It is known that an increase of plasmatic HGH acts as a negative feedback mechanism inhibiting the liberation of GH by the hypophysis,3s stimulating the secretion of somatostatin (SRIF) and inhibiting that of GHRH. Nevertheless, it is also known that various peptides like vasopressin, adrenocorticotropic hormone (ACTH), as well as some of its fragments, and melanocyte-stimulating a hormone (x-MSH), stimulate the acute liberation of human growth hormone, in such a way that the fraction of the homeopathic formulation called Hipophisinum could contribute to liberating HGH in this manner. Be that as it may, the effects on the liberation are now considered pharmacological responses probably caused by an interaction with the GHRH receptor in the somatotrophs. If this is the case, the homeopathic formulation would exercise its actions at the hepatic level and in the anterior hypophysis.

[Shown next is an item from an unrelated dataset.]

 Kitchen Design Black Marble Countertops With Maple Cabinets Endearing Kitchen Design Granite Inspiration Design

The administration of HGH in hypophysectomized animals and in human growth hormone deficient humans is followed in a few days by a positive balance of nitrogen, a decrease in the production of urea, and in the quantity of body fat, as well as in a reduction of glucose utilization. The results observed after only a single injection of HGH are bi-phasic: at the beginning there is a decrease in the concentration of glucose in the blood, of free fatty acids and of amino acids. In a few hours, glucose and amino acid levels return to normal. The majority of these results are also observed in humans, although, with more moderate changes. When the acute results disappear, a series of delayed effects appear which include: a) an increase in the mobilization of free fatty acids from adipose tissue, as a consequence of the lipolysis of triglycerides; b) an increase in the sensitivity to lipolytic effects of catecholamines; and c) inhibition not only in castration but also in the utilization of glucose. These effects last for many hours and accumulate with additional exposures to human growth hormone forming the basis of diabetogenic effects of HGH in the metabolism of carbohydrates and lipids.

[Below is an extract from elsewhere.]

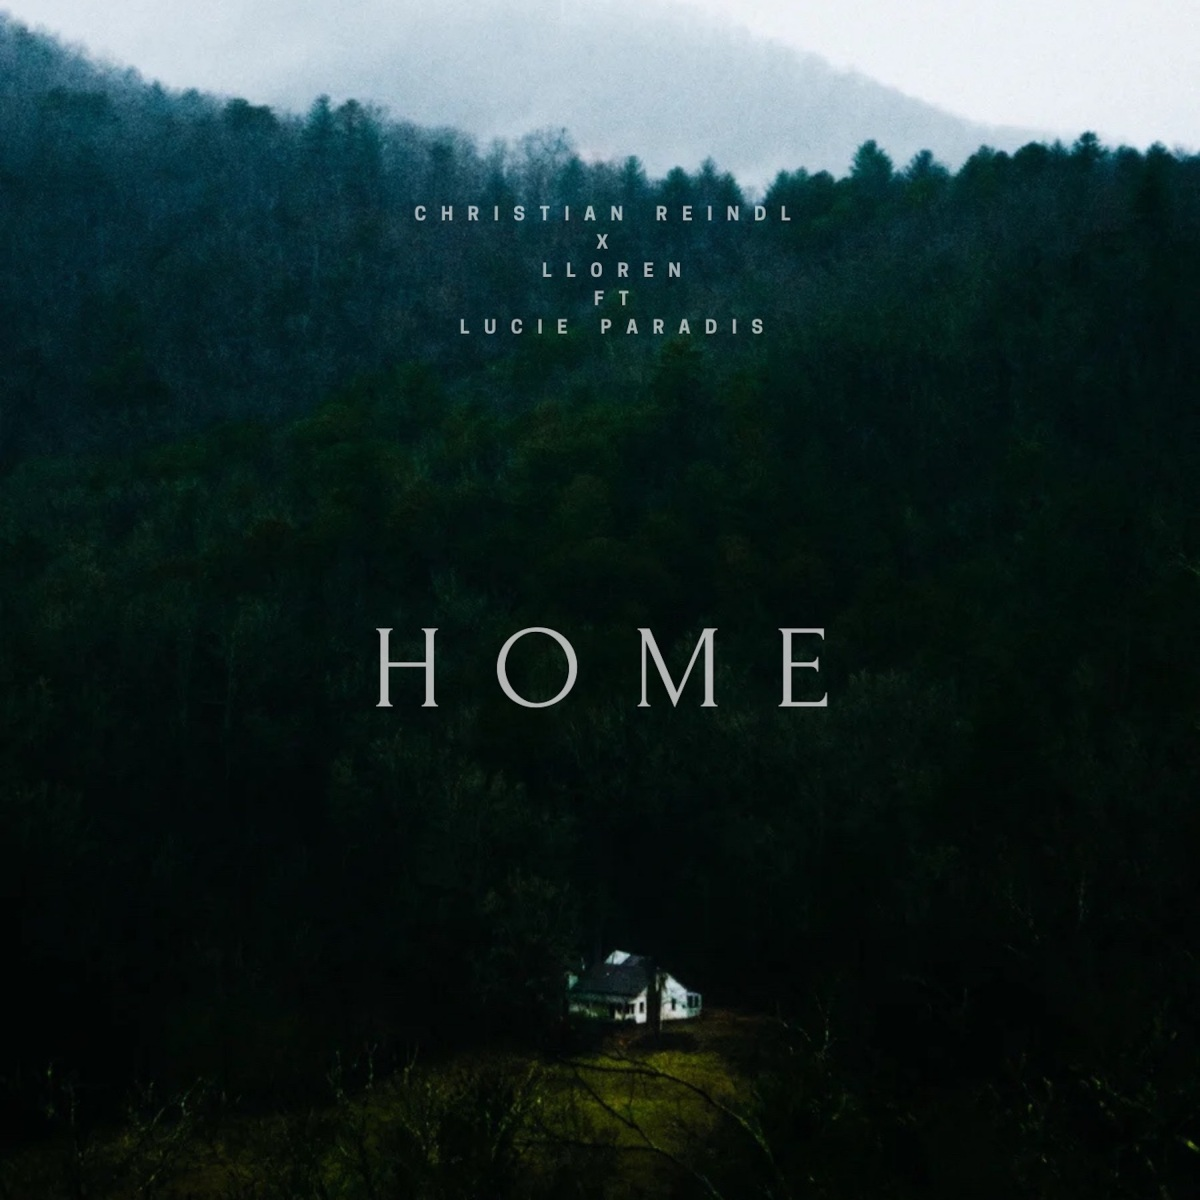 Christian Reindl x Lloren feat. Lucie Paradis –Home

The result the administration of HGH has on the secretion of insulin is complex and seems to be tri-phasic. Initially, there is an increase in the release of insulin, which seems to be a direct result of human growth hormone on beta cells. It can be observed 5 minutes after HGH injection both in normal and deficient subjects. In the following 1 to 5 hours, there is slight inhibition in the secretion of insulin. Greater and more persistent increases of glucose can be seen in prolonged treatments; this is an indirect result and represents a secondary response to the obstacle of utilizing carbohydrates.

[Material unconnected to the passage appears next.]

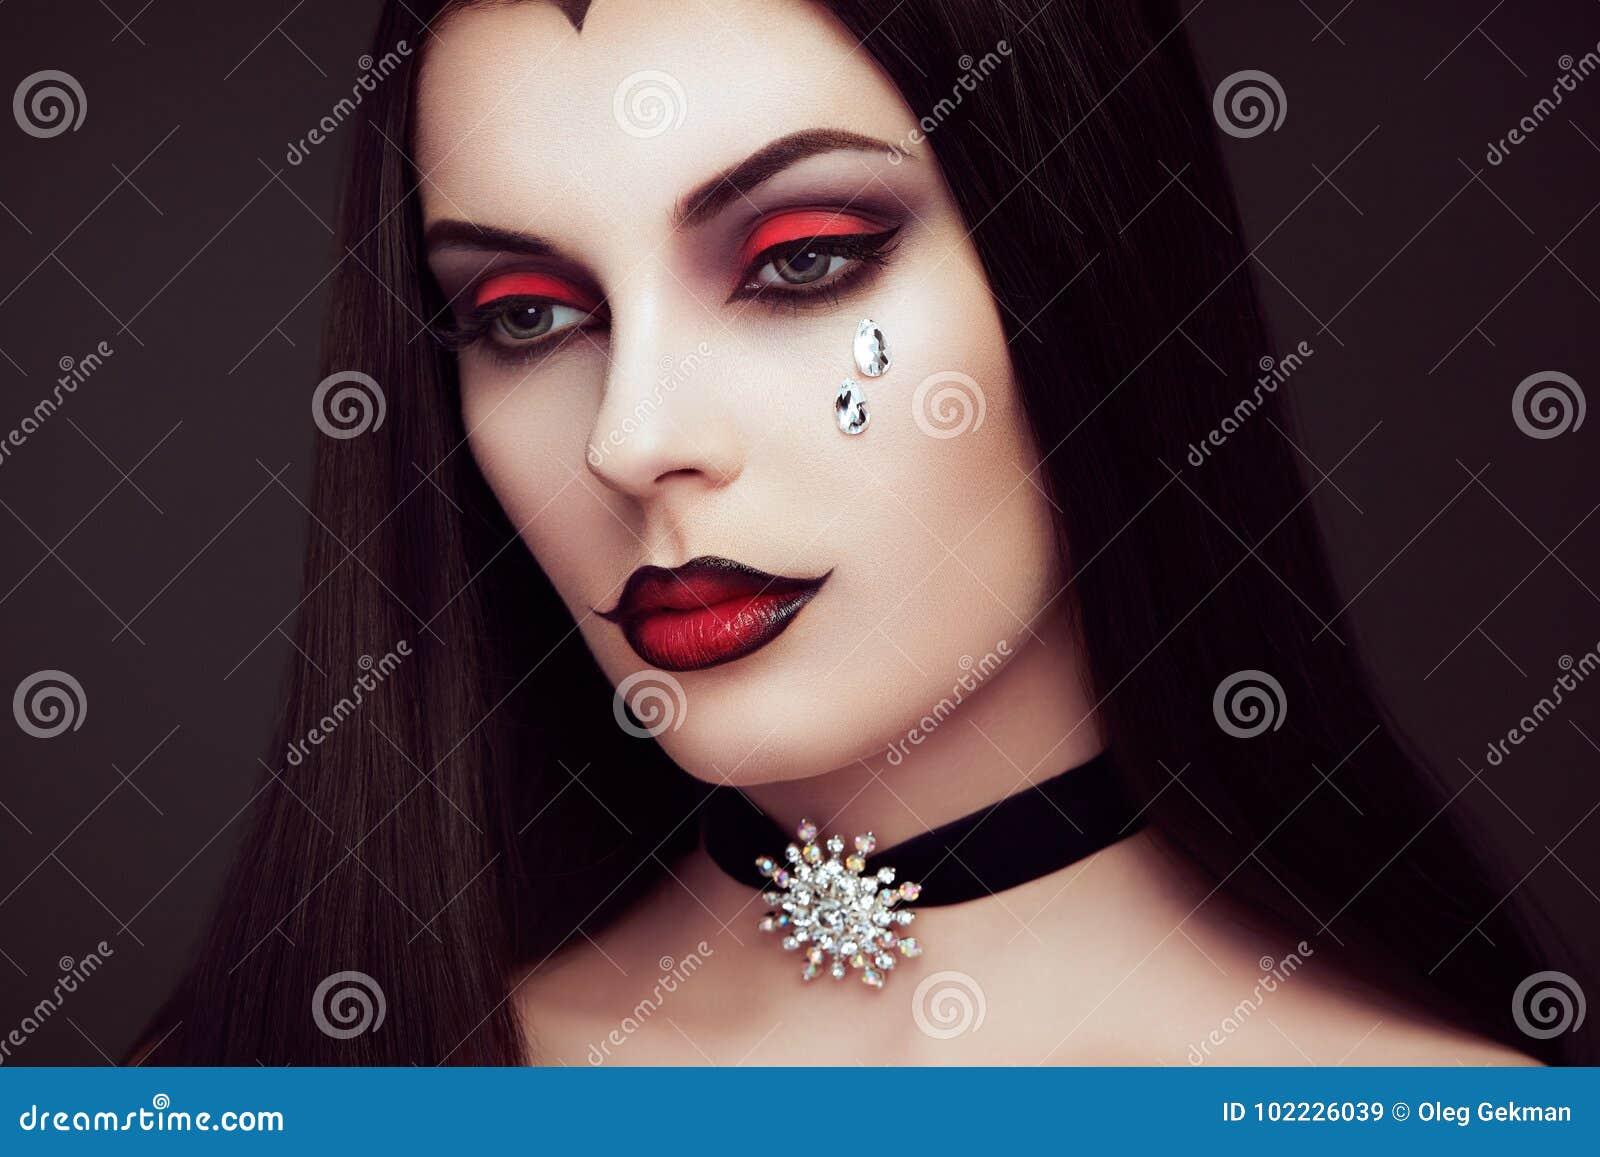 Halloween Vampire Woman Portrait Stock Image

In this investigation, Group 1, treated only with 21st Century human growth hormone, showed a statistically significant increase of glucose which was not seen in Group 2, treated with a combination of 21st Century HGH plus HE. Be that as it may, this process is reversible once suspended or when HGH influence decreases. The secretory capacity of beta cells does not seem to be erroneously compromised.
Other changes that we observed as a consequence on the increase in IGF-1 were the significant decrease in the percentage of body fat and weight of the subjects.